I have a couple of solutions in mind (you are very welcome to add other ideas, or tools that might help me with this), so which one of the following options is the best (keep in mind the effort needed to the implementation and other factors as scaling and maintenance … )

My current options:

  1. Cut all the relations with Ids, and offer foreach entity an endpoint
    to get multiple with a list of Ids.
  2. make a query parameter to specify which relations will be loaded ex: /buildings?with=owners,floors and this will load the buildings with all the owners and floors. -I am a bit afraid this might expand in the future and endup re-inventing the wheel of graphQL –
  3. rewrite only the Data requesting part (GET endpoints) of the API with GraphQL. -too much work in the backend, also i do not know if we could use the old search logic from our Specification toPredicate()

Current tech stack : SpringBoot – Angular

2 Answers

I think there is no one-size-fits-all solution for this problem.

There is a lot of factors which influences the to be chosen solution, like

  1. How many different clients / consumers do you have?
    1.1) Less than then?
    1.2) More than a thousand?
  2. Are these clients using your API in the same way?
    2.1) Are they implementing the same functionality (just for different platforms)?
    2.2) Do they conduct absolutely different flows?
  3. Do you have influence on these clients?
    3.1) Are they 1st party clients where change requests can be submitted?
    3.2) Are they 3rd party clients without any influence?
  4. Does your API have SLA / SLO and big response could harm that?
  5. Does extra roundtrip for details is a viable option for all of your clients?
  6. etc.

Even if you have just a single client with a well-known consuming pattern then it is still a challenging exercise. Since you have to go through all the exposed endpoints and check which approach might fit best. For example:

  • Client displays data in a master-details view and extra roundtrip is a not a problem then option #1 might be the best choice
  • Client splits your massive data into smaller chunks and feeds several of its components then option #2, #3 could be a better fit
  • etc.

Answered by Peter Csala on November 8, 2021

There are a number of ways to address this in a restful way:

  1. Subresources: the /buildings endpoint would only return an array of buildings and their respective properties (properties, not linked resources). If you would need any additional linked data on a per-resource basis, you would use an endpoint like /buildings/{id}/owners/{id}/notifications.

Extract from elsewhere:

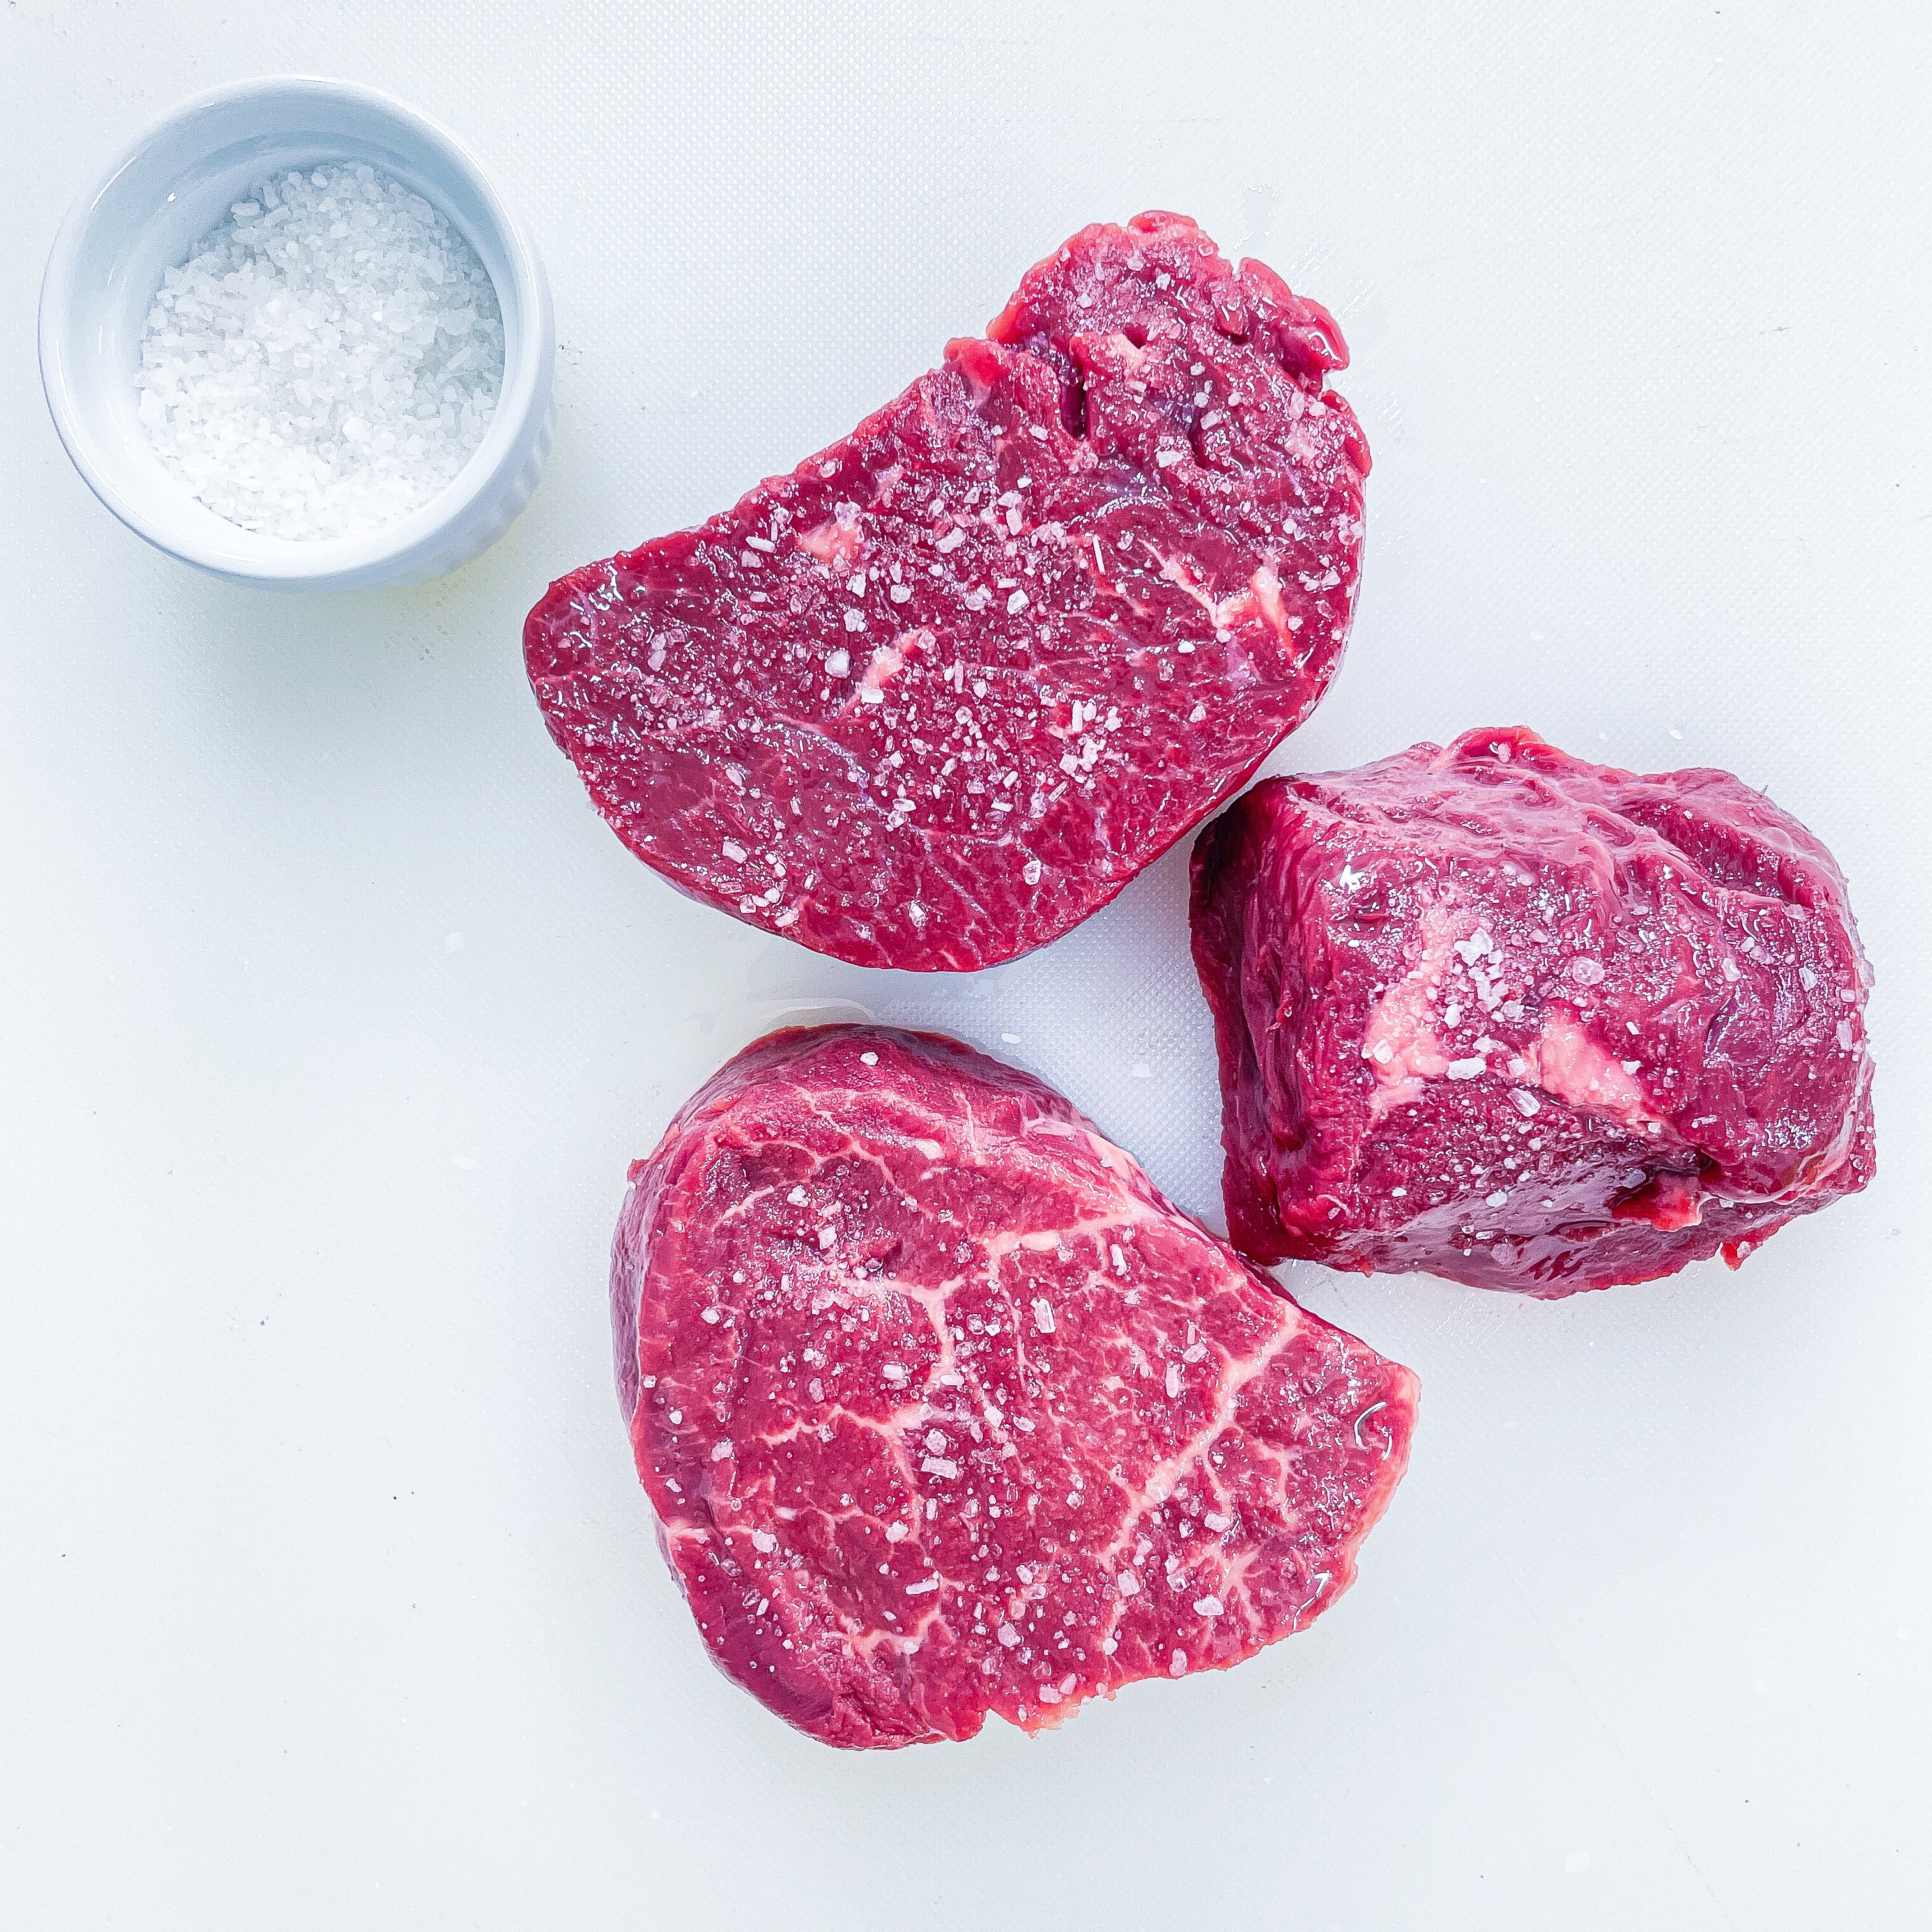 The Best Meat Tenderizers You Can Buy Online

    This is by far the advised way to go in general from a pure (purist) restful design standpoint but, depending on your use cases, can lead to an overhead of api calls because, as you already state, would force iteration which is to be avoided whenever possible.

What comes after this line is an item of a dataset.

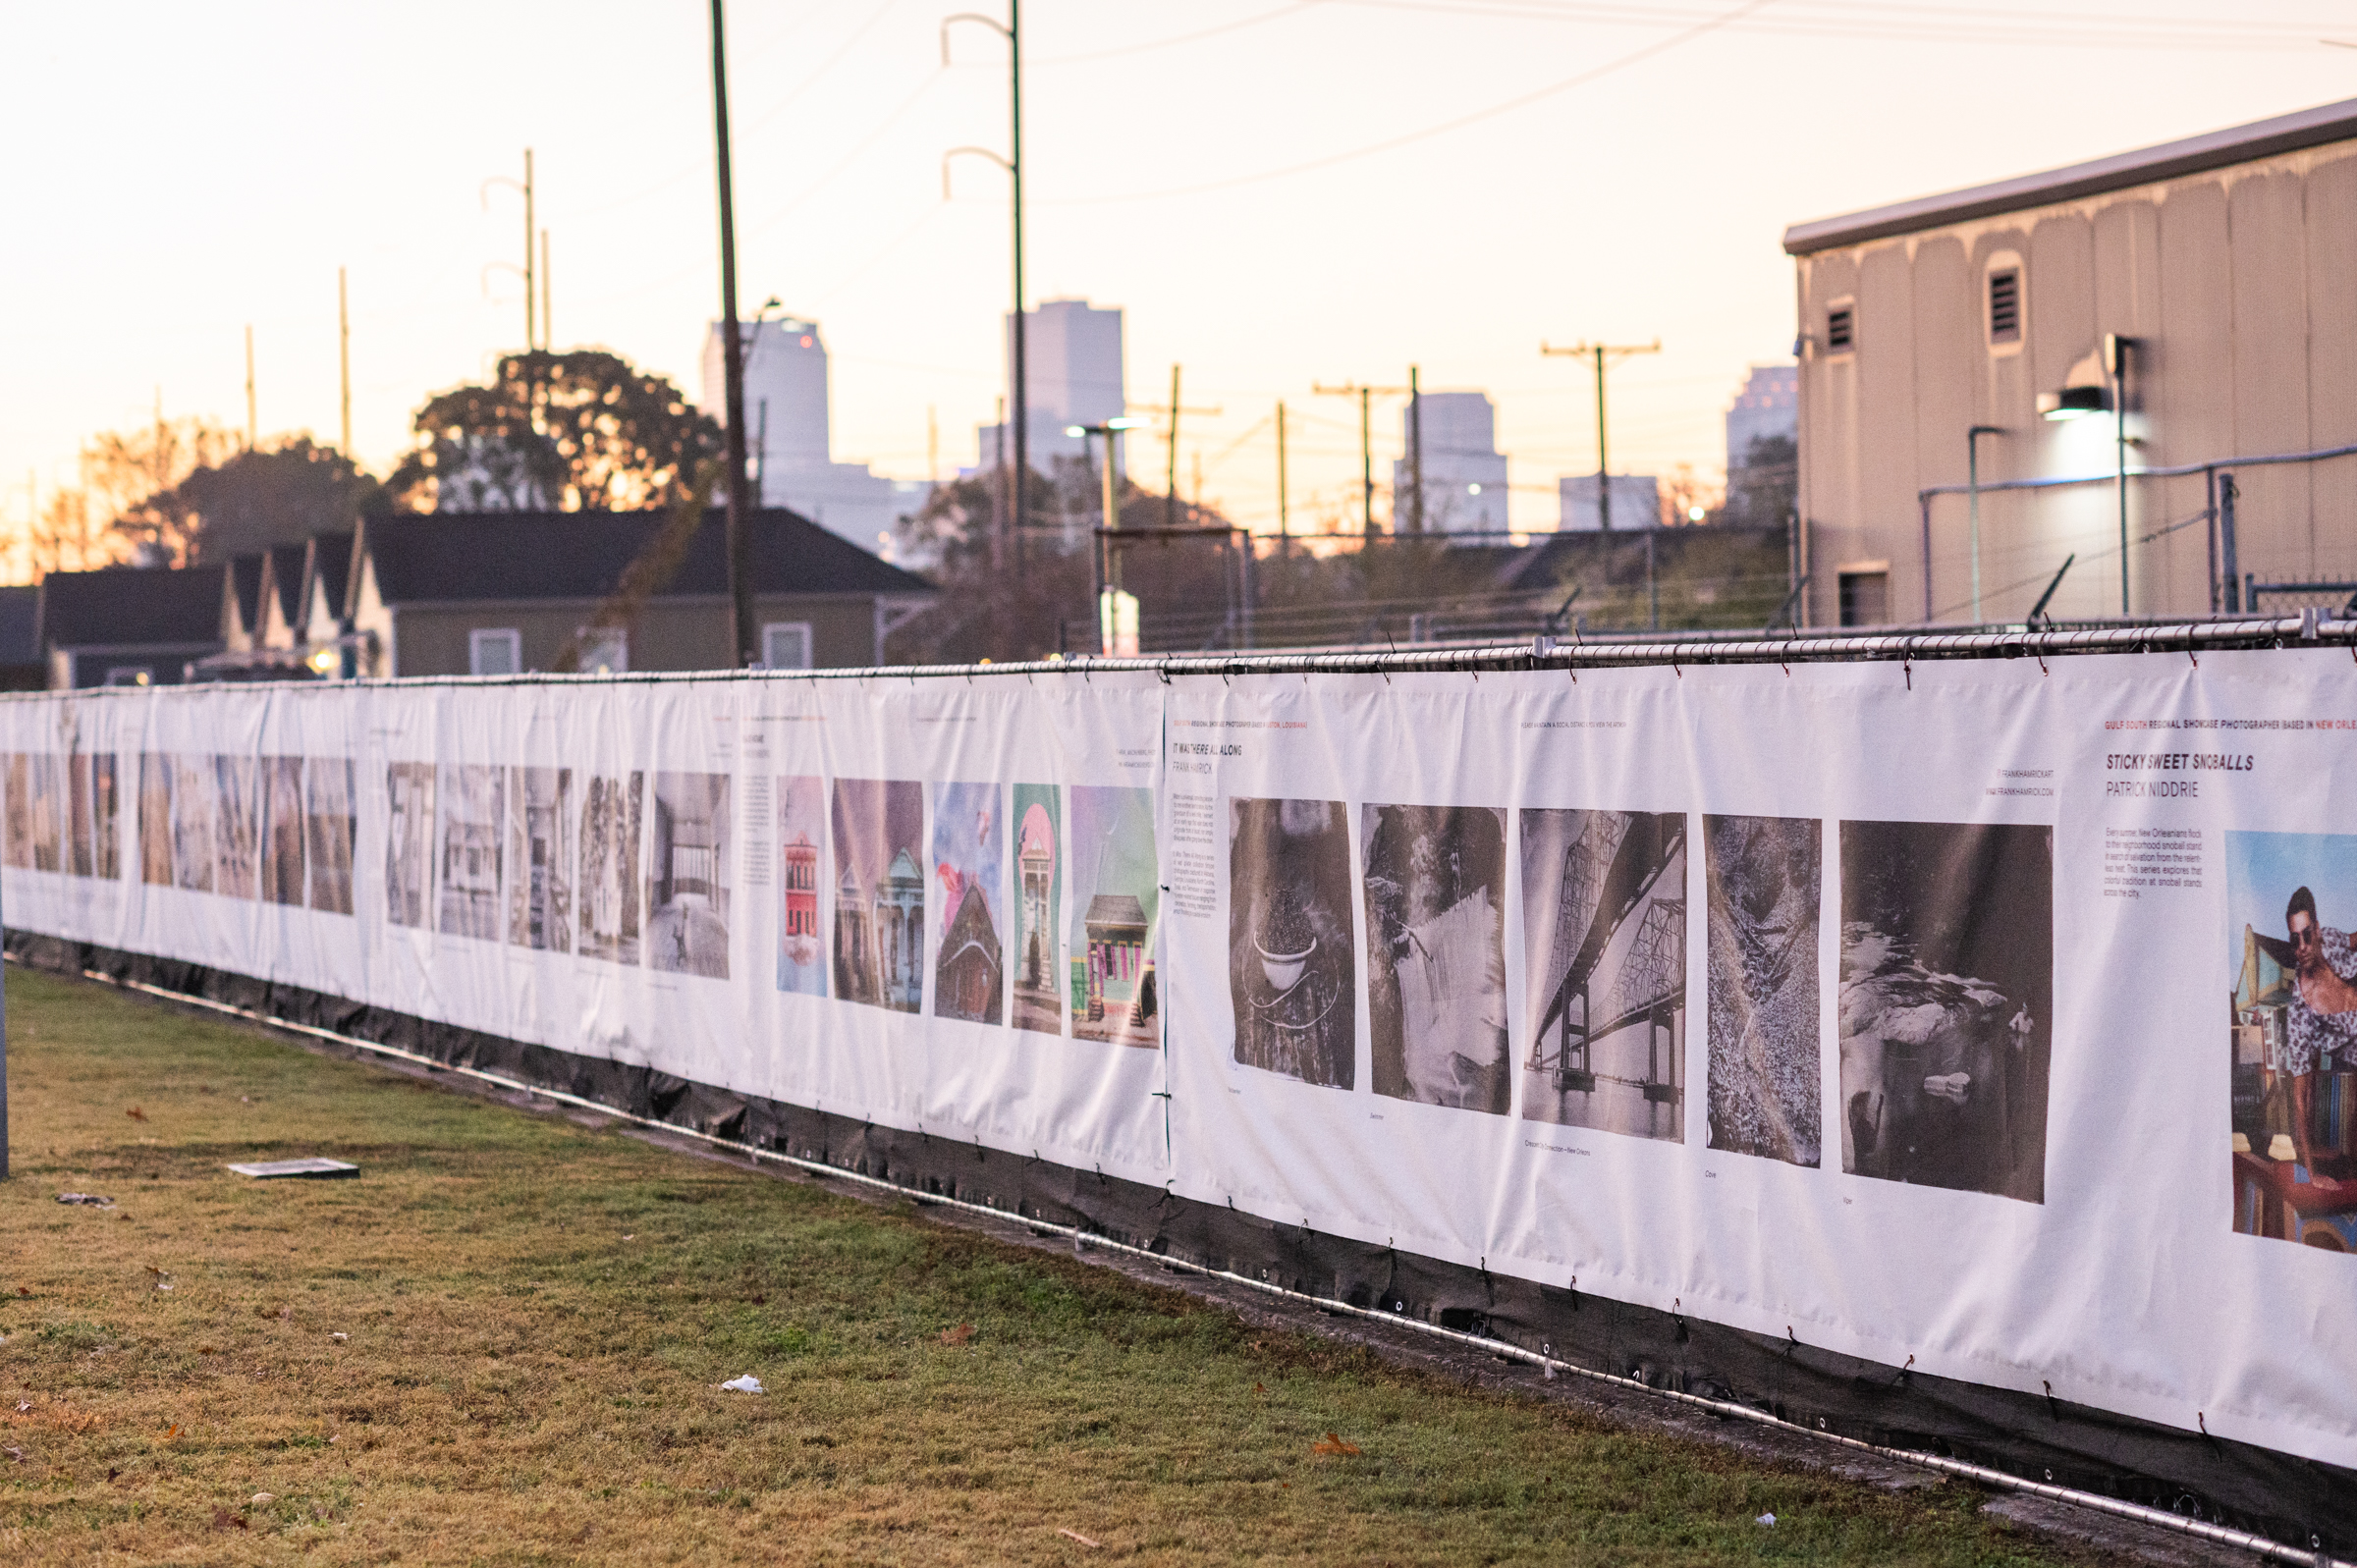 The outdoor banners display the works of 48 photographers from around the world

    However, when will you need all buildings? I'm making an assumption here about your domain but /streets/{id}/buildings will already return a vastly reduced subset of buildings. If you subresource correctly, you could get away with your so-called fat DTO.

  2. OData: making your api queryable can add some interesting capabilities to your api that would otherwise not be available in (1). Notably, for this particular problem, expansion and pagination. This would allow your endpoint to still serve buildings only when needed, but allows expanding the resource with linked subresources and support pagination so your body payload stays manageable. After all, the required data in the client is mostly limited to the human using it. You won't need 5000 records to be displayed at once.

    This seems a good fit for solving your issue.